I am interested in hearing if the word mode will be hearing of the first instance of somebody who looked exactly like a senior executive participating in a video conference. A deep fake cybercriminal. That cannot be more than weeks away. If there is a compelling criminal business model to do something, you can be sure that somebody will do it. The technology is all there to do it. At iProov have been talking about it for about three years. This is an unbelievably fertile environment in which to do that. We are all spreading our Zoom access links around; not everybody uses passwords on their Zoom calls. If you can steal really valuable information just by sitting in on meetings, why would not you?

Bubbles of opportunity

In a crisis, there are always bubbles of opportunity

I am thinking about what I have learned, but I am also thinking about what I would have liked to have heard in those sorts of positions. The answer is, if you believe in the power of an idea, then stick with it. But, if you have to live on boiled newspaper, take massive salary cuts, and slice off absolutely everything you do not need to survive for that idea to survive, then do it. Better days will come, and your idea, your passion, deserves to survive the journey to those sunny uplands. But, unfortunately, this is not going to last. The nuclear winter began at the beginning of 2001, lasted two and a half years.

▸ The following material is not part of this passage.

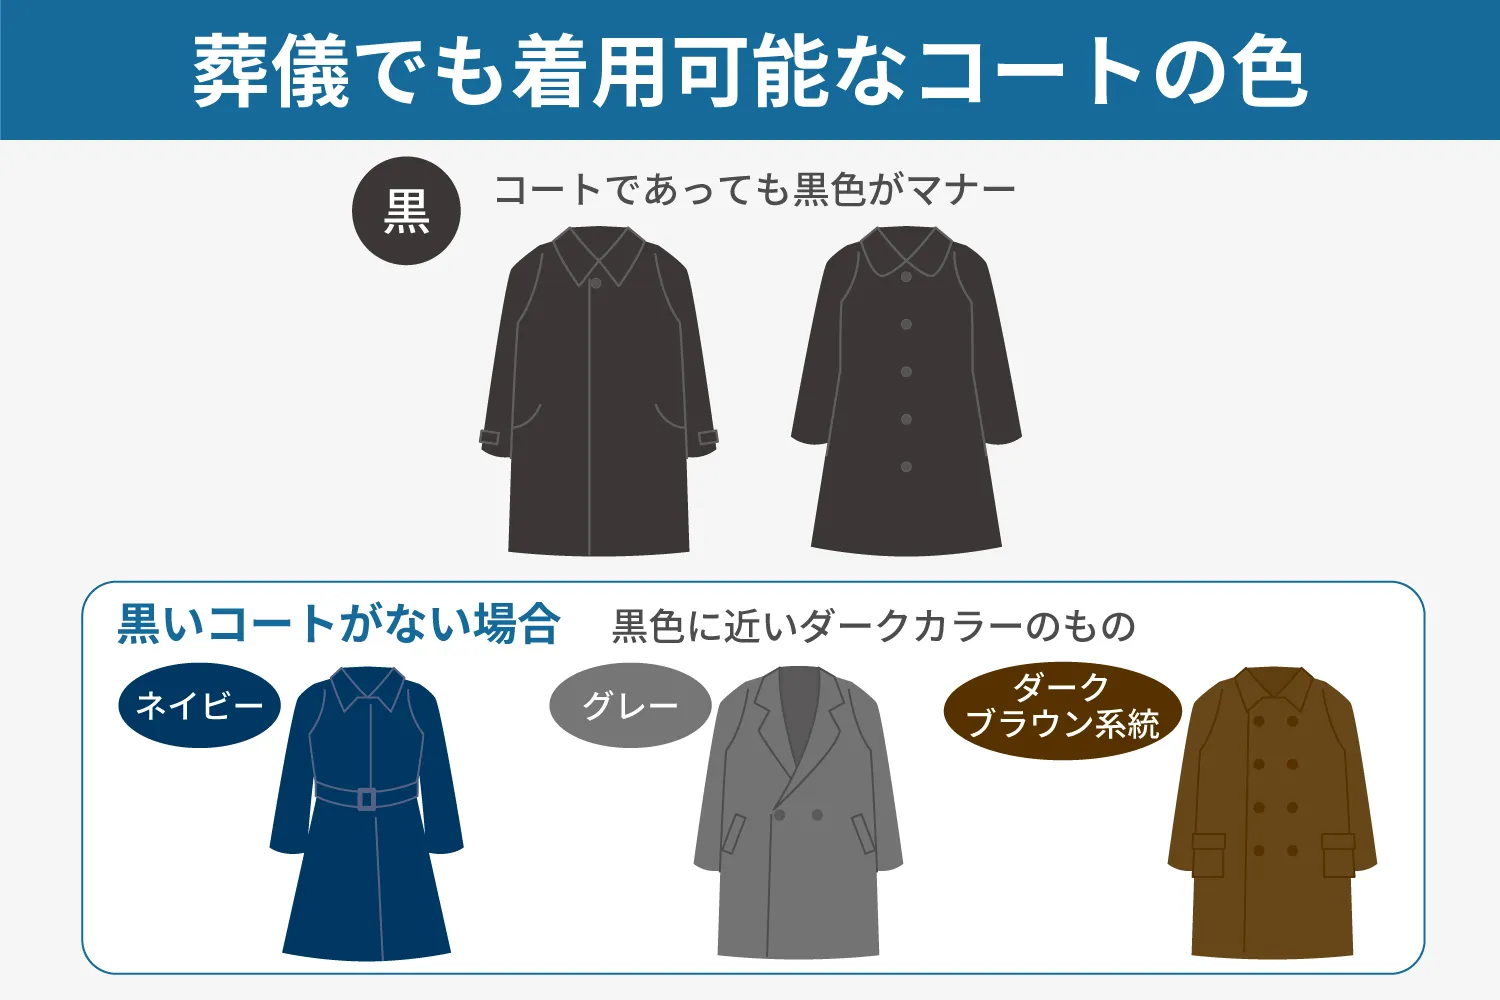 葬儀でも着用可能なコートの色解説図

The other thing that you learn is that there are always pockets; there are always air bubbles of opportunity. When you think you are drowning, swim around and find those bubbles of opportunity that you can breathe. That will keep you alive a little bit longer. Two weeks after, we nearly went bankrupt. We signed an unexpected customer contract. The cash flowed just nine months after that. 

There is a tremendous amount of opportunity out there. People talk about pivoting your business which is a nice piece of jargon. The answer is if you cannot sell what you are selling now, find something else. Sell what people need. There are parts of the economy that are in desperate trouble now, but parts of the economy are not in desperate trouble. If you can sell to those, then you can still keep going. Use your network to keep yourself sane and cheerful. That is what professional friends are for.